Injury caused at the venom inoculation site can stimulate the release of a protein that plays an essential role in blood clotting (photo: release)
Injury caused at the venom inoculation site can stimulate the release of a protein that plays an essential role in blood clotting.
Injury caused at the venom inoculation site can stimulate the release of a protein that plays an essential role in blood clotting.
Injury caused at the venom inoculation site can stimulate the release of a protein that plays an essential role in blood clotting (photo: release)
By Fabio Reynol
Agência FAPESP – It has long been known that poison from snakes such as the jararaca (Bothrops jararaca) can cause damage to the tissue around the site of the bite and can stimulate bleeding. Understanding the causes of these effects and their etiology, however, is a complex challenge.
So says veterinarian Marcelo Larami Santoro, a researcher at the Butantan Institute in São Paulo. He led the project entitled “Importance of local damage induced by snake venom metalloproteinases in the induction of thrombocytopenia in envenomations” from 2011 to 2013 with funding from FAPESP through a regular research grant.
“In most cases, anti-ophidic serum is effective in treating jararaca bites; in more severe cases, however, the bleeding may be very heavy and may require special treatment,” the researcher said.
To understand how jararaca venom affects the clotting system and platelets (cells that help to control the loss of blood), experiments were conducted on rats using two inoculation channels: subcutaneous and intravenous. This study sought to confirm the importance of the local injury in inducing thrombocytopenia (a reduction in the blood platelet count) and of the alterations in the clotting system.

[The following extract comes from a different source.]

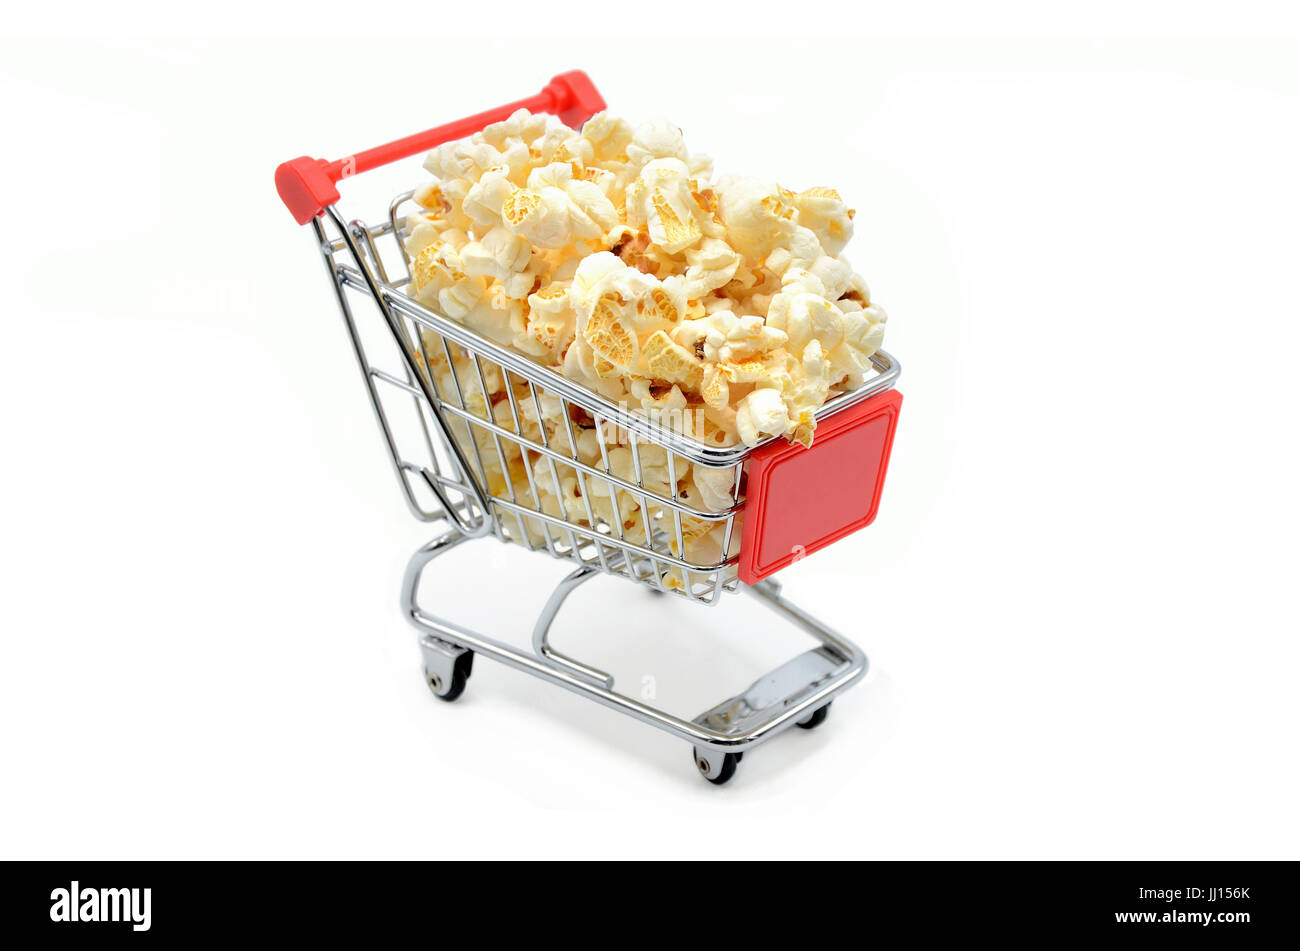 shopping cart with popcorn Stock Photo

The study also tested the importance of the two main classes of toxins present in the venom: metalloproteinases and serine proteases. To do this, before being injected into the animals, the jararaca venom was incubated with the appropriate inhibitors. The purpose of incubating the venom was to promote the inhibition of certain enzymes. Both classes are known to present antihemostatic activity; in other words, they prevent the stoppage of blood loss, a reaction that occurs when the body tries to inhibit bleeding.
According to the findings, the two classes of toxins are not directly involved in the origin of the thrombocytopenia induced by jararaca venom, a fact that has led to the conclusion that other mechanisms or toxins from the venom must be responsible for reducing the number of platelets. However, the metalloproteinases in the venom have proven to be essential in the development of clotting disorders. This evidence challenges the widespread opinion held by physicians and scientists over the years: that serine proteases are the most important toxins for the consumption of fibrinogen, the protein involved in the process of blood clotting, and that this protein’s reduction promotes the hemorrhagic condition that arises from the bite of the jararaca.
Another important piece of information was that the injury caused at the site of the venom inoculation could stimulate the release of tissue factor into the bloodstream. Also known as thromboplastin, tissue factor is a substance found in tissues, monocytes and platelets that performs a basic role in blood clotting.
“The increase in circulating tissue factor makes the action of the venom stronger, increasing tissue damage by favoring coagulopathies, which are clotting disorders,” Santoro explained. He also emphasized that the study of the action of ophidic venoms throughout the 20th century has helped science to discover the mechanisms of blood clotting.
The article “Bothrops jararaca venom metalloproteinases are essential for coagulopathy and increased plasma tissue factor levels during envenomation”, describing all of these findings, is scheduled to be published in the journal PLOS Neglected Tropical Diseases.
Partnership with Argentina
The project involved the participation of researcher María Elisa Peichotto of Argentina’s National University of the Northeast (NDDE). The study was approved under the scientific cooperation agreement signed by FAPESP and the Argentine National Council for Scientific and Technical Research (CONICET) in 2010.
The Argentine author is the first author on a scientific article developed during the project “Inflammatory effects of patagonfibrase, a metalloproteinase from Philodryas patagoniensis (Patagonia Green Racer; Dipsadidae) venom”, published in the journal Experimental Biology and Medicine.
The partnership with Brazil’s neighbor also collaborated on the first “Biomedical investigation of poisonous animals in the Paraná jungle” workshop, held in the Argentine city of Puerto Iguaçu in May 2013.
Another important outcome of the project was the master’s research study “Pathogenesis of systemic hemostatic disturbances induced by Bothrops jararaca snake venom”, by master’s degree candidate Karine Miki Yamashita, funded by an FAPESP scholarship.
Santoro plans to continue research on tissue factor and the related mechanisms. “By understanding the venom better, we will be able to fight its actions in cases of poisoning,” he said.